The Red Cross remains "gravely concerned" that a "significant number" of these prisoners may have been subjected to abusive treatment—and that the organization "has not received any clarification of the fate of these persons," the report states. The long-secret 41-page Red Cross report received national attention last month after journalist Mark Danner obtained a copy and wrote about it in considerable detail for The New York Review of Books. (The report was posted in its entirety this week on The New York Review of Books' Web site.)

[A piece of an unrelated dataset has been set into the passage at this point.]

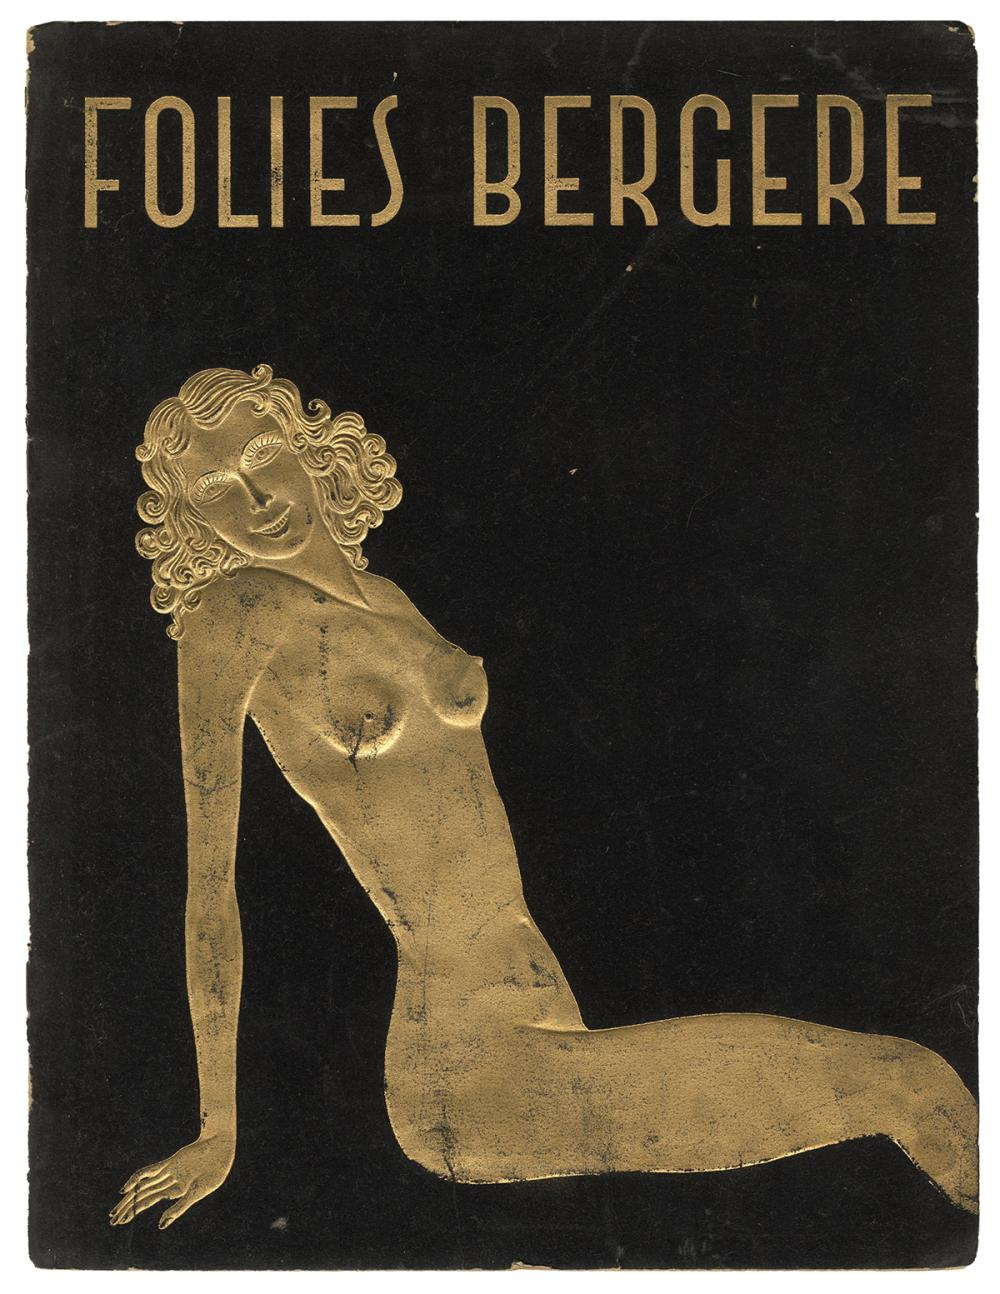 FOLIES BERGERE PROGRAM. PARIS, CA. 1930S. BLACK VELVET COVE...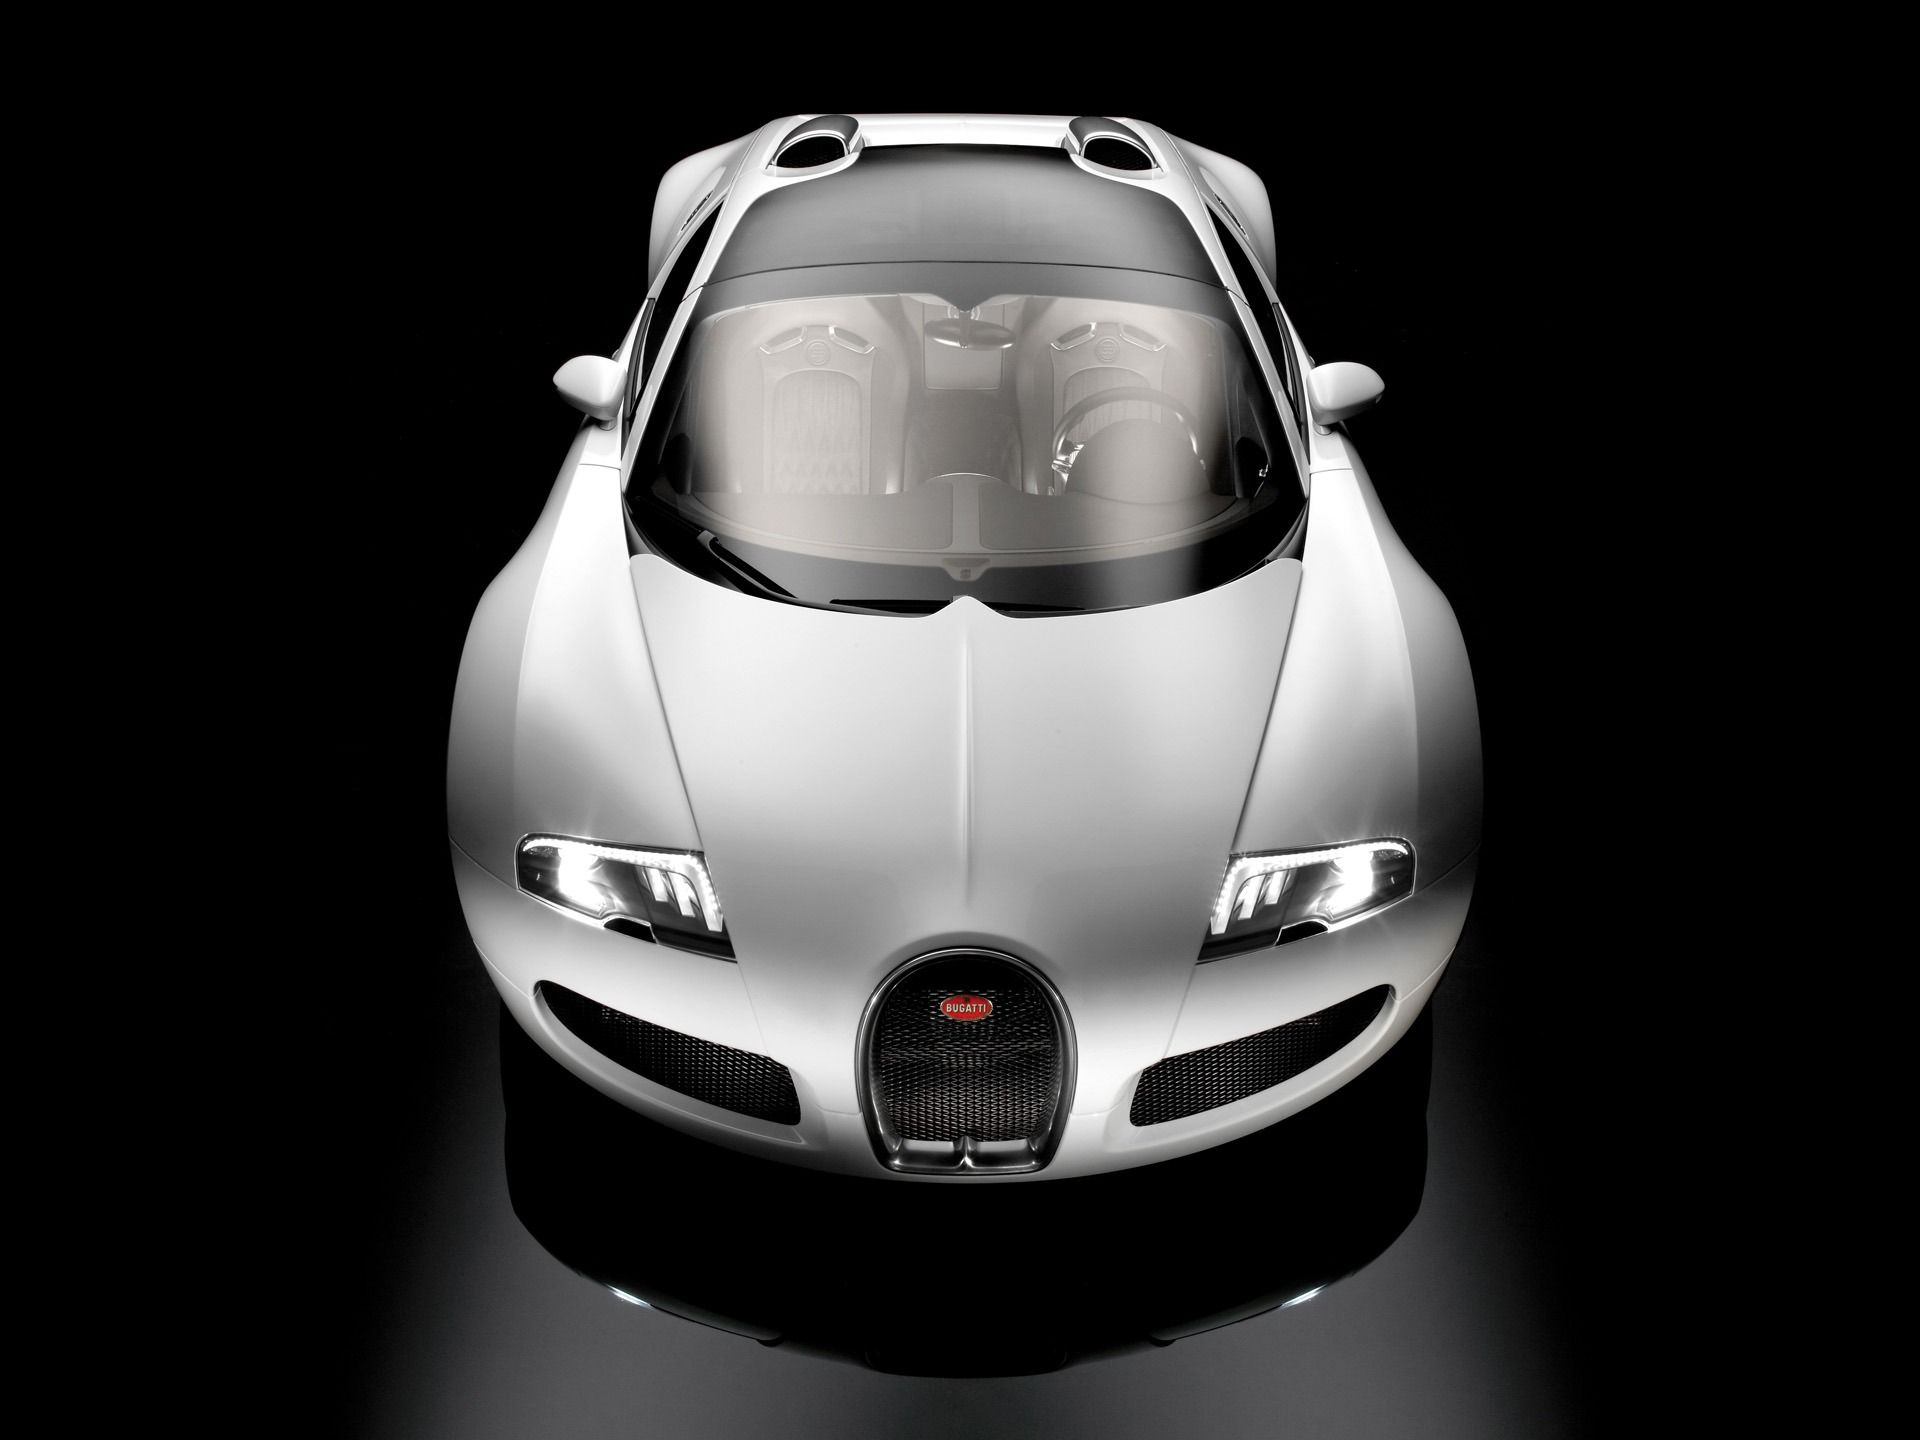 2b1a77e4f89dd003ed5c0954d39881db Wonderful Bugatti Veyron Grand Sport Vitesse Mansory Vivere 2014 Cars Trend

The report includes graphic and at times gruesome accounts by high-value detainees at Guantánamo Bay—including Abu Zubaydah, Khalid Sheikh Mohammed and others—describing how they were suffocated during waterboarding, locked in coffinlike boxes, had collars wrapped around their necks and then were smashed into the walls of their cells. The detainees also described to Red Cross interviewers how they had cold water poured over their bodies, were placed in frigid interrogation rooms, were forced to stand naked in painful stress positions for hours on end and were denied toilet access, resulting in the detainees' having to defecate and urinate on themselves, according to the report.
The Red Cross concluded, based on the "consistency" of the accounts of the detainees in separate interviews, that the prisoners had been subjected to what "amounted to torture and/or cruel, inhuman or degrading treatment."